There are two post-doctoral research stations in the school:

- Electronic Science and Technology
- Computer Science and Technology

The school offers doctoral degree programs in four primary disciplines:

- Electronic Science and Technology
- Computer Science and Technology
- Optical Engineering
- Software Engineering

There are also eight secondary disciplines under doctoral degree programs. The school's strengths include Information Science and Technology, while Optical Engineering, Circuits and Systems, and Computer Application Technology are key disciplines.

The school houses two Hebei Province Key Laboratories:

- Special Optical Fiber and Fiber Optic Sensing Lab
- Computer Virtualisation Technology and System Integration Lab

===School of Mechanical Engineering ===
In 2023, the School of Mechanical Engineering has 5,264 students, including 2,764 undergraduates, 2,120 master's students, and 380 PhD students. Its more than 300 teachers include 87 professors (including 77 PhD supervisors) and 77 associate professors.

===School of Materials Science and Engineering===

In 2023, the school currently enrols 1,600 students including 820 undergraduates, 560 master students, and 220 PhD students. Since 2007, over 50% undergraduates in the school were entitled into graduate programs. The school employs 122 faculty members and staff, including 56 professors (51 PhD supervisors), 11 associate professors, and 12 senior engineers.

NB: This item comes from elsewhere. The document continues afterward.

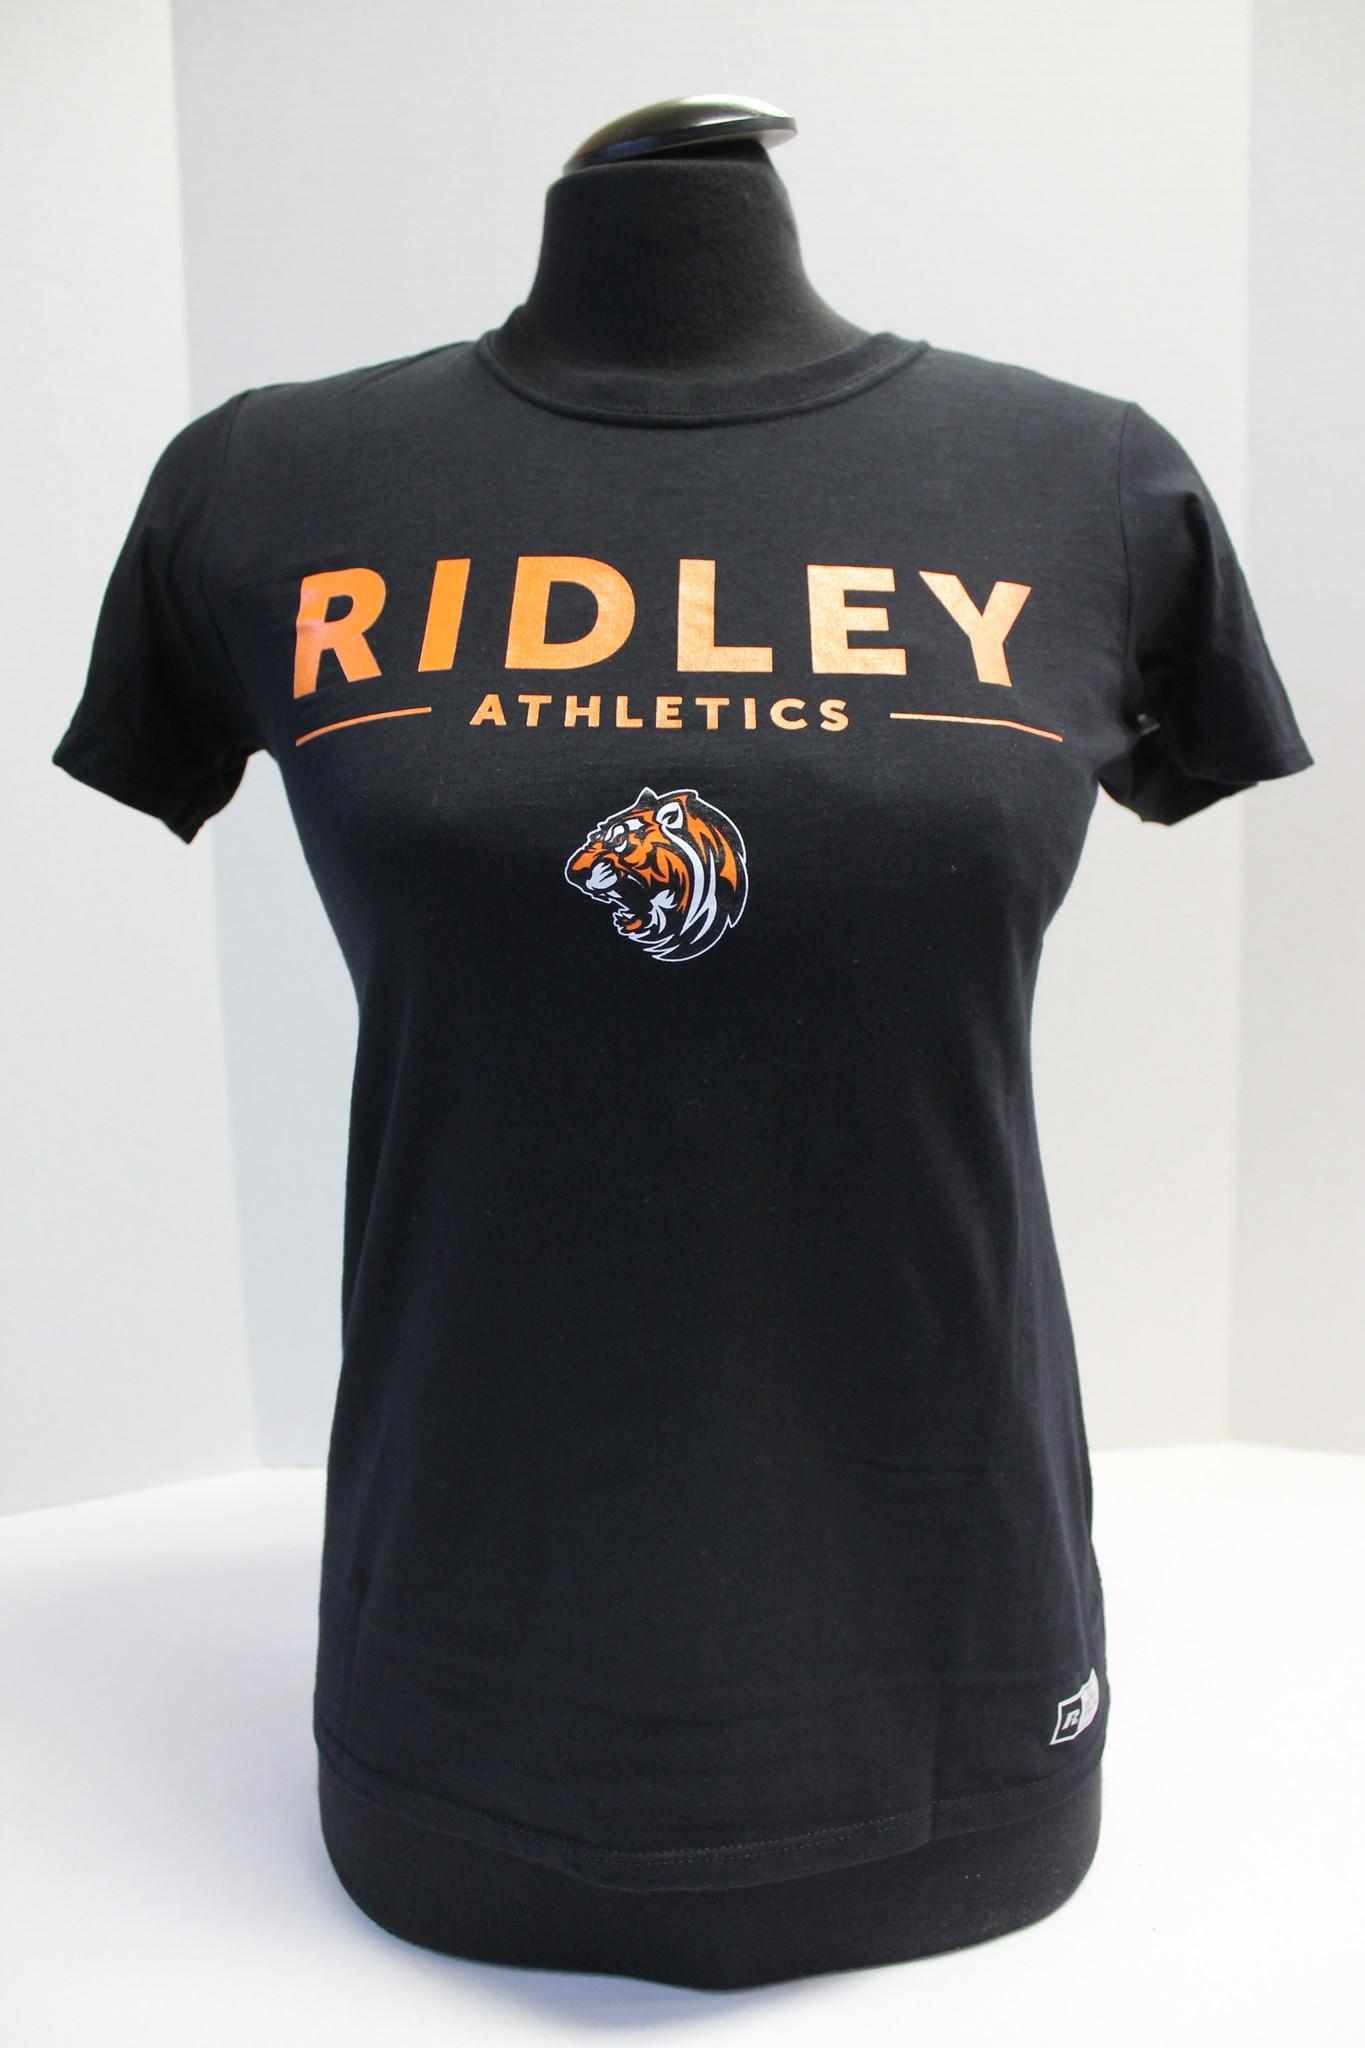 Sports Dress - T-shirt (Adult)

==International Relations==

=== The University of Toledo ===
Qinhuangdao and Toledo established sister city ties in 1985, leading to a partnership between Yanshan University (YSU) and the University of Toledo (UToledo) since 1986. In 2008, they established the Confucius Institute at UToledo to promote Chinese culture and education. About 30,000 students took Chinese courses, with cultural activities reaching 100,000 locals. Managers from both universities participated in important events, and more than 200 people engaged in two-way exchange delegations. In 2016, YSU's School of Humanities and Law and UToledo's Law School signed a cooperation agreement. A master program and a health care training program were also established.

=== BRICS ===
Yanshan University is currently part of the BRICS Universities League.

==Notable alumni==

- Ding Xuexiang, director of the General Office of the Chinese Communist Party, member of the 19th Party Politburo and member of the Secretariat of the Chinese Communist Party.

== Controversies ==

=== Zifeng Li's Controversial Research ===
Prof. Zifeng Li's 2021 research, titled Advancing Newtonian Physics by Upholding a Materialist Perspective on Spacetime and Energy-Matter, aimed to challenge Einstein's theory of relativity but faced skepticism due to the established verification of the theory. His work was recommended for Hebei Province Science and Technology Award despite facing several unsuccessful grant applications. Furthermore, the academic community have questioned the integrity of Prof. Li's research practices. Reportedly, Prof. Zifeng Li steadfastly rejects relativity, using his position to promote his theories in class. Allegedly, students who disagreed were unfairly graded, leading to a severe teaching incident. YSU criticized Li, imposing a 3-year undergraduate teaching suspension in 2017.

==Campus & Environment==
The Yanshan University campus covers an area of 820 acres with a total construction area of nearly one million square meters.